The MDCRHP was first applied in the vegetable seedling cultivation, and the local temperature and humidity control method was adopted to obtain precise temperature regulation for vegetable seedling and achieve energy-saving.

Point 3： The accuracy of the experimental equipment is missing 

Response 3:   

The accuracy of an instrument is usually expressed in terms of uncertainty, shown in Table 1.

Table 1 Uncertainties of the test parameters

Parameters	Instrument	Uncertainty	Full scale
Temperature in seedling beds (a-h,A-H)	T-type thermocouple	±0.5 ℃	-50-200 ℃
Relative humidity	Humidity transmitter	±0.5 %	0-100%
Electricity energy consumption	Electricity meter	±0.2 %	¾

 

Point 4：The uncertainty propagation analysis is missing

Response 4:   

Uncertainties of the test parameters are shown in Table 1

Point 5：A detailed description of the heat pump is missing

Response 5:   

The arrow indicates the refrigerant flow direction during heating operation. In detail, the variable-frequency compressor discharges high-temperature vapor refrigerant, enters the capillary group in each seedling bed through the four-way valve, radiates heat to the air in the seedling bed, and the air is heated. And then the refrigerant enters the main liquid pipe, flows into the evaporator after the throttle of the main electronic expansion valve (MEEV). The refrigerant absorbs air energy from outside air. Finally it returns to the compressor to complete the heating cycle. During this cycle, the electronic expansion valve (EEVi) and the solenoid valve (SV) of thermo-on indoor units are opened, but those of the thermo-off indoor units are closed, so as to achieve zero energy consumption. The compressor frequency is adjusted according to a certain target temperature of seedling or substrate. The MEEV opening is regulated according to a certain target super-heating degree, which is defined as the temperature different between suction temperature (T_s) and evaporator coil temperature (T_def).

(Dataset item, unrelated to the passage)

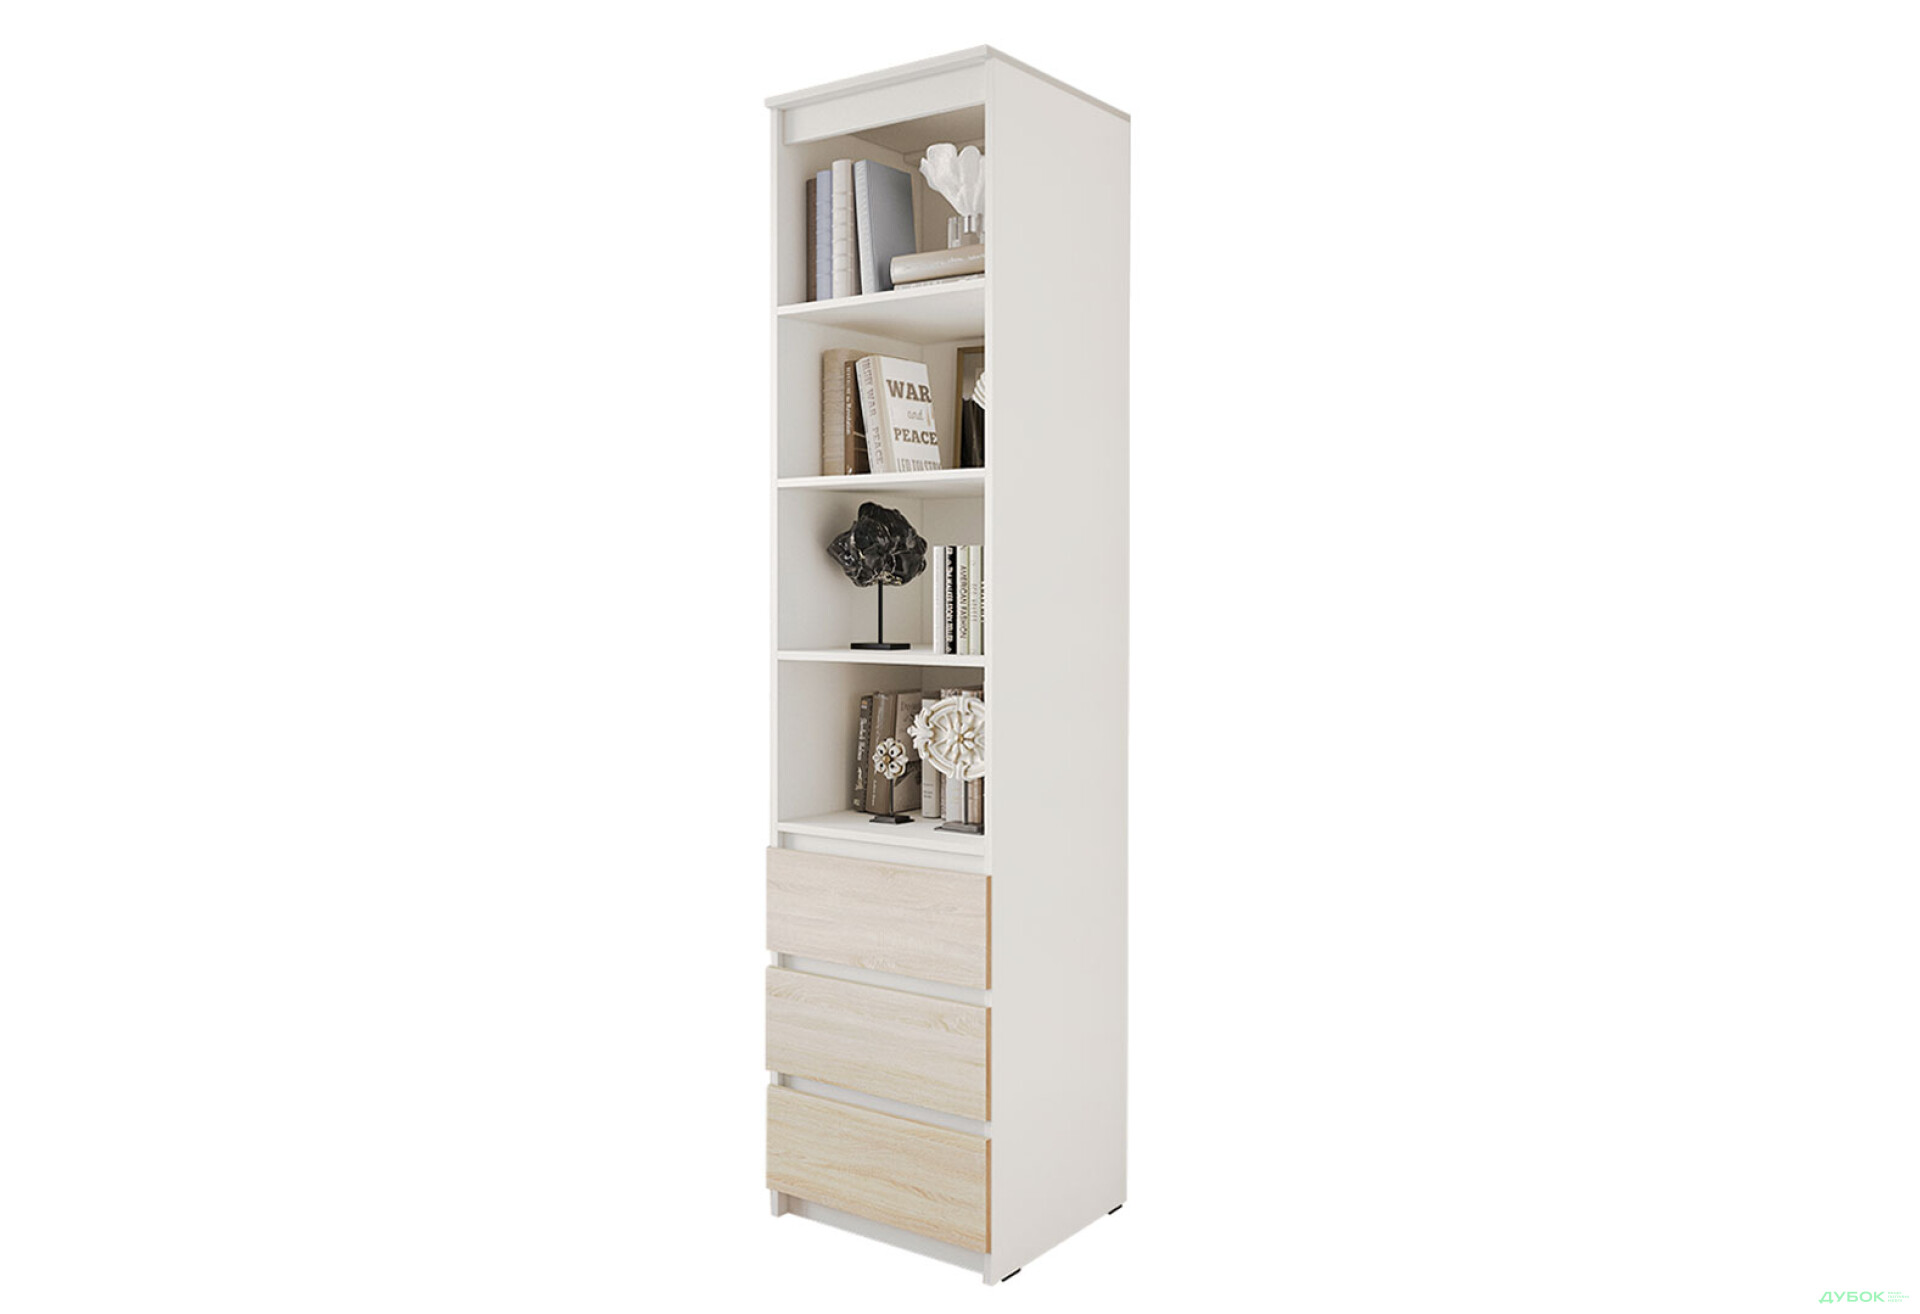 Фото 1 - Шкаф-стеллаж комбинированный Moreli T219 с ящиками 50 см, белый / дуб сонома

Point 6：The assumptions in Section 4 need to be supported by suitable references.

Response 6:   

The electric heating wire was used for heating. The materials include electric heating wire and thermostat. The unit prices of the electric wire and the thermostat are ¥40 /100m and ¥85 respectively, which are presented by Ningbo electric heating equipment factory.

The material cost of 3 HP heat pump was given by Zhongguang Electric Appliance Co. Ltd.

 

Point 7： In Section 5 the limitations and the necessary future developments need to be summarized.

Response 6:   

At present, the two tidal seedbeds are fixed, so the capillary groups on the seedling beds and the connecting pipe between the capillary groups and outdoor unit are fixed. In practice, for greenhouse vegetable seedling cultivation, in order to improve the utilization rate per unit area of the greenhouse, the tidal seedling beds are designed to be movable, so the connecting pipe between the outdoor unit and the indoor units of the heat pump needs to be designed to be movable with the seedling beds. This problem will be solved in the next step.

 

 

 

Author Response File: Author Response.pdf

Reviewer 2 Report

1. An interesting idea and the goal is also interesting: to compare two options for heating greenhouses. The description of the experimental equipment shows that the research Agricultural Experimental Park has two adjacent independent small glass greenhouses at its disposal. Two tidal seedling beds are installed in each glasshouse. The aim was to compare two different methods of heating these greenhouses. Electric heating wire (EWH) and heating using a heat pump, in this work called multi-connected direct expansion capillary radiation heat pump (MDCRHP).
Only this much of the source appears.